Analysis of rotational behavior after transplantation of PDN into the 6-OHDA lesioned striatum. The ipsilateral rotational score after amphetamine challenge was tested at 3 and 6 weeks after 6-OHDA injection for all rats (n = 21). The rotation score for control rats (6-OHDA, no PDN; n = 12) remained at high levels (10.6 ± 3.4 turns/min) for the next 12 weeks. In contrast, in rats where PDN were transplanted into the central striatum (n = 9), there was a significant decrease in the number of rotations (3.9 ± 1.7 turns/min; **P < 0.01).

Fig. 5

Time course of survival in cultures of PDN or unpurified (mixed) VM cells grown on various media. GFP⁺ (green) PDN cells (A–C, E–G) or VM cells (D, H) were stained with ethidium (red) from the Live/Dead Cell-mediated cytotoxicity kit in order to identify dying cells. Cultures were grown either on DM (A–D) or SM (E–H) for 30 min (A), 1 day (B, E), 3 days (C, F) or 5 days (D, H). Note that all cultures were re-fed fresh media at 2 –3 days.

Fig. 6

Survival of PDN or VM cells on glial factors. PDN (A, B) or mixed VM cells (C, D) were grown on strial glial CM (A, C) or on DM containing GDNF (100 ng/ml) (B, D). Note that the survival of GFP⁺ PDN was supported by glial CM but not GDNF. In contrast, TH⁺ VM cells, at the densities used, exhibited no marked change in survival over control with the addition of GCM or GDNF.

Fig. 7

PCR-based analysis of c-Ret in PDN. (A) Gel electrophoresis of amplification products.

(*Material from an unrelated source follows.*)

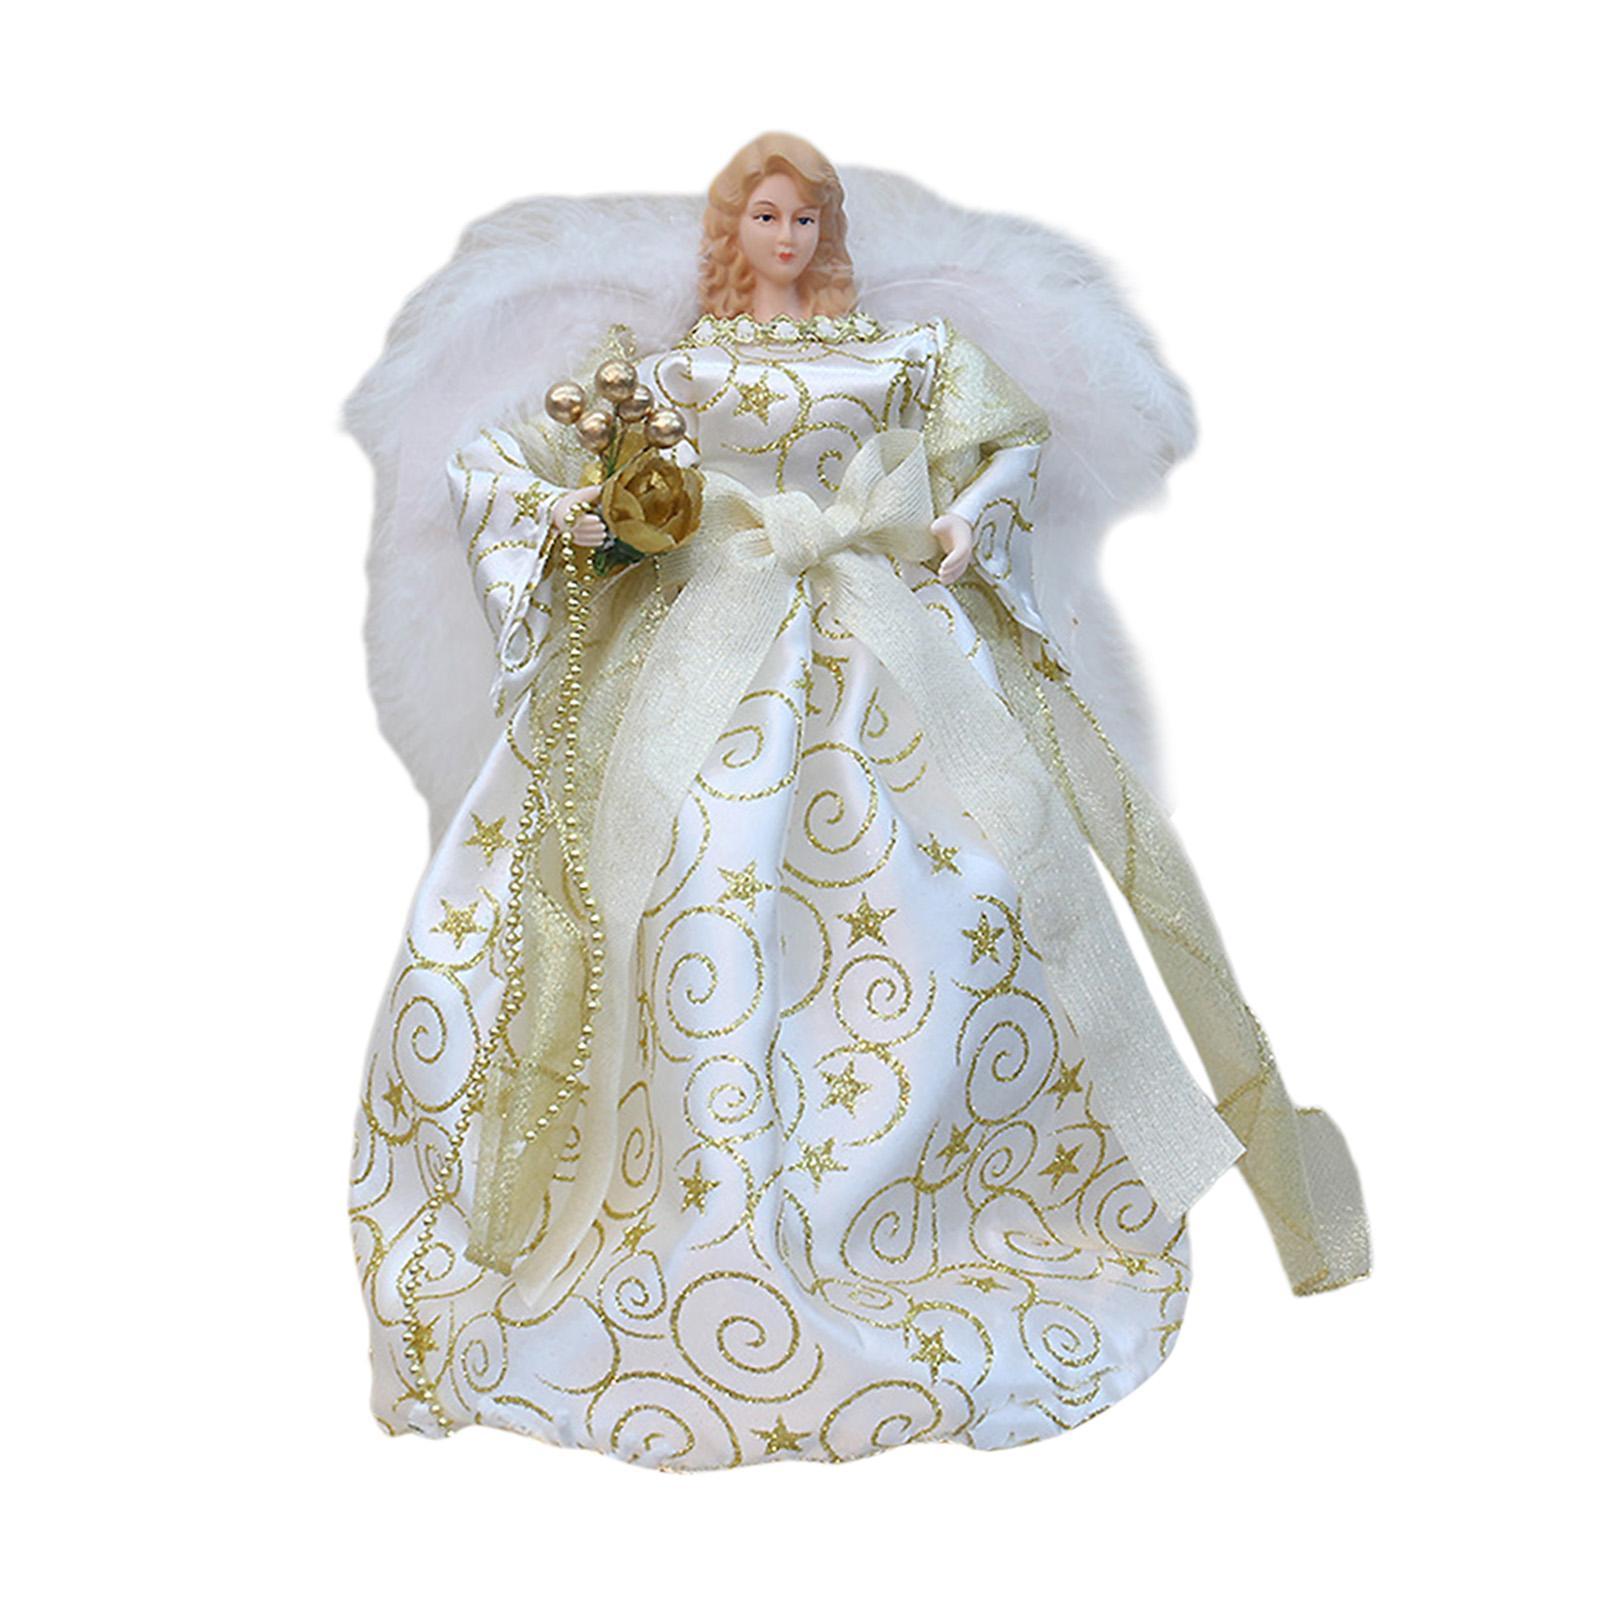 Angel Treetop Christmas , Delicate Christmas Ornament Decoration, Angel Figurine for Holiday Party Home Decor

Lane 1: no template control (NC), lane 2: positive control of β-actin (PC), lane 3: adult striatum (CN), lane 4: adult substantia nigra (SN), and lane 5: purified dopamine neurons (PDN). (B) Table comparing c-ret PCR products in PDN and other DA tissues by quantitative analysis (as described in Experimental methods and table legend).